1.执行的代码:
def train(self):
self.model.train()
losses = []
train_iter = self.data_iter['train'] #
for step, (triplets, labels) in enumerate(train_iter):
if self.p.gpu >= 0:
triplets, labels = triplets.to("cuda"), labels.to("cuda")
subj, rel = triplets[:, 0], triplets[:, 1]
pred = self.model(self.g, subj, rel, 'tail')
loss_t = self.model.calc_loss(pred, labels)
print(loss_t)
losses_t.append(loss_t)
这个是运行的代码,代码运行后报错如下:
tensor(6.8747, device='cuda:0', grad_fn=<BinaryCrossEntropyBackward>)
tensor(6.9403, device='cuda:0', grad_fn=<BinaryCrossEntropyBackward>)
tensor(6.7224, device='cuda:0', grad_fn=<BinaryCrossEntropyBackward>)
tensor(6.7367, device='cuda:0', grad_fn=<BinaryCrossEntropyBackward>)
tensor(6.9669, device='cuda:0', grad_fn=<BinaryCrossEntropyBackward>)
tensor(6.9063, device='cuda:0', grad_fn=<BinaryCrossEntropyBackward>)
2024-03-15 17:42:50 [ERROR] [ -4280403,Out of memory ] cuMemAlloc(): fail to allocate 32768 KB memory (out of memory)
2024-03-15 17:42:50 [ERROR] [ -4280403,Out of memory ] cuMemAlloc(): fail to allocate 32768 KB memory (out of memory)
Traceback (most recent call last):
File "run.py", line 518, in <module>
runner.fit()
File "run.py", line 92, in fit
train_loss = self.train()
File "run.py", line 174, in train
pred = self.model(self.g, subj, rel, 'tail')
File "/root/.local/conda/envs/new/lib/python3.7/site-packages/torch/nn/modules/module.py", line 889, in _call_impl
result = self.forward(*input, **kwargs)
File "/root/GCN4KGC-main/RGCN+CompGCN+LTE/model/lte_models.py", line 140, in forward
x_h, x_t, r = self.exop(x, r, self.x_ops, self.r_ops) # 线性变换后的向量表示
File "/root/GCN4KGC-main/RGCN+CompGCN+LTE/model/lte_models.py", line 65, in exop
x_head = x_tail = self.h_ops_dict[x_op](x_head)

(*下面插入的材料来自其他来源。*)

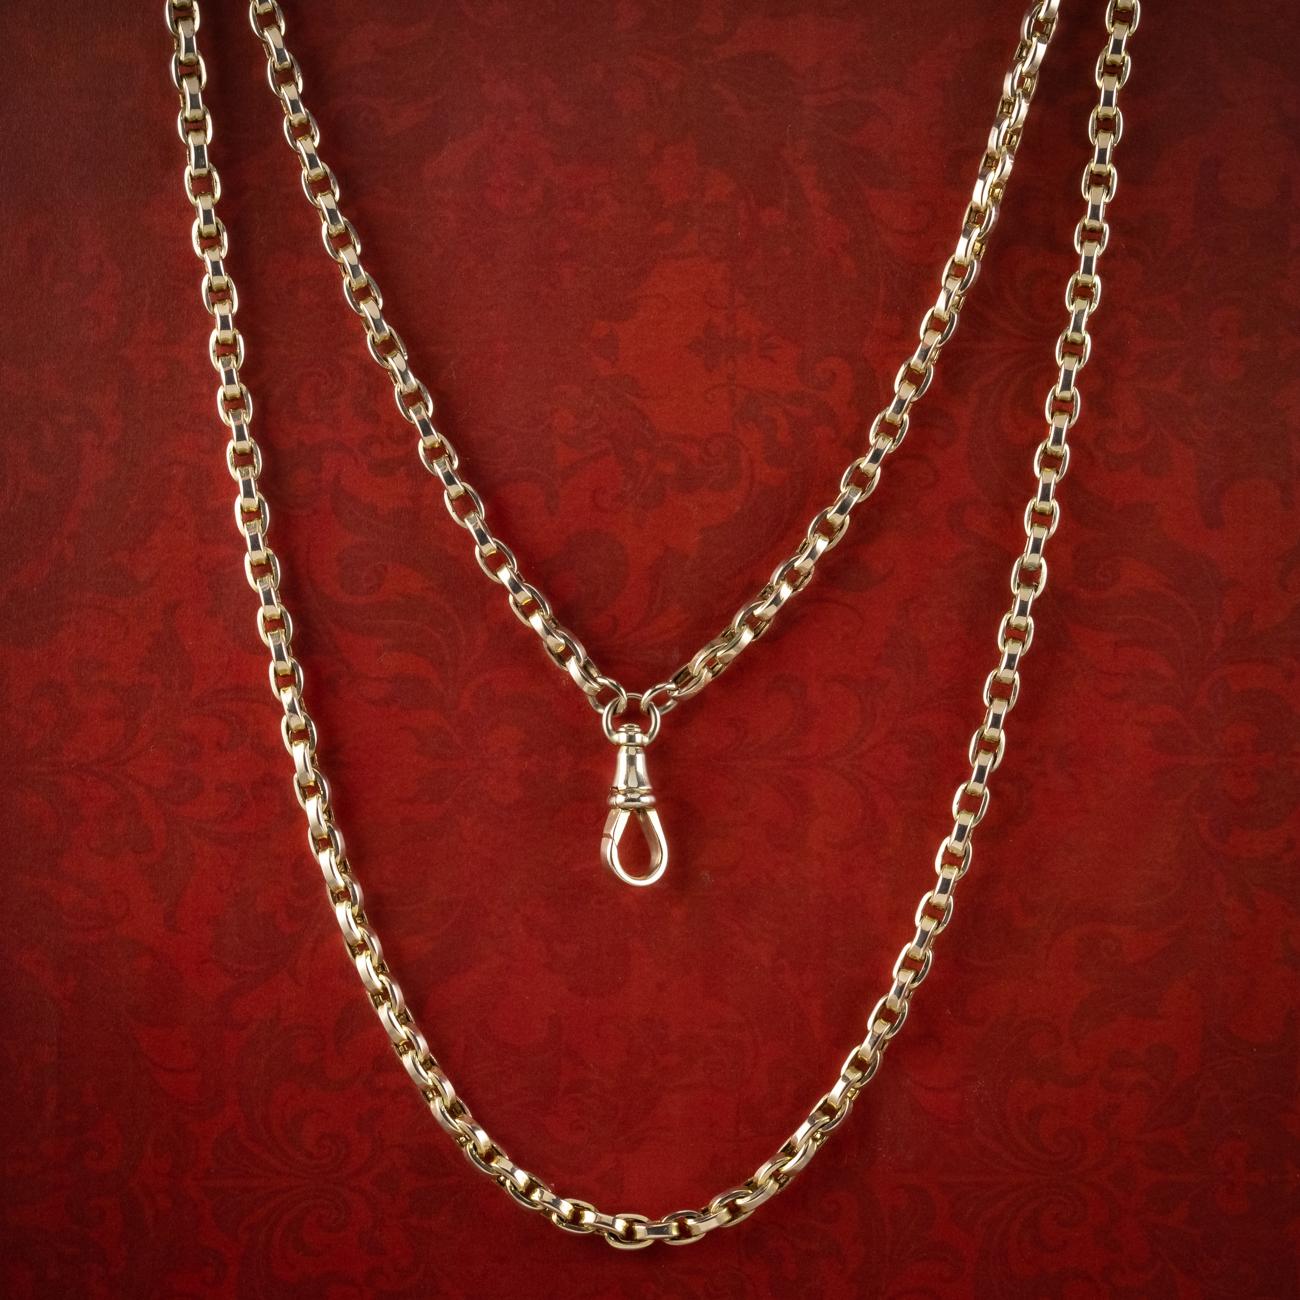 A luxurious antique Victorian guard chain made up of solid cable links fashioned in 9ct gold. Each link is lovely and smooth with a muted golden tone and is fitted with the classic claw clasp at the end.

Guard chains were at the height of

File "/root/.local/conda/envs/new/lib/python3.7/site-packages/torch/nn/modules/module.py", line 889, in _call_impl
result = self.forward(*input, **kwargs)
File "/root/.local/conda/envs/new/lib/python3.7/site-packages/torch/nn/modules/dropout.py", line 58, in forward
return F.dropout(input, self.p, self.training, self.inplace)
File "/root/.local/conda/envs/new/lib/python3.7/site-packages/torch/nn/functional.py", line 1076, in dropout
return _VF.dropout_(input, p, training) if inplace else _VF.dropout(input, p, training)
RuntimeError: CUDA out of memory. Tried to allocate 32.00 MiB (GPU 0; 7.68 GiB total capacity; 6.23 GiB already allocated; 0 bytes free; 6.55 GiB reserved in total by PyTorch)
我以为是服务器平台的硬件配置问题,
但是因为这个代码原来是能够复现出来的,所以应该还是代码的问题
2.报错的解决过程:
我把代码中的losses_t.append(loss_t) 注释掉,
发现代码可以成功执行
# 这是打印的loss_t
tensor(6.9063, device='cuda:0', grad_fn=<BinaryCrossEntropyBackward>)
然后发现原因是由于loss_t是tensor类型,直接把loss_t加入到列表中,就会爆显存
如果想要存loss_t的值的话,利用loss_t.item() 把张量其中的值取出来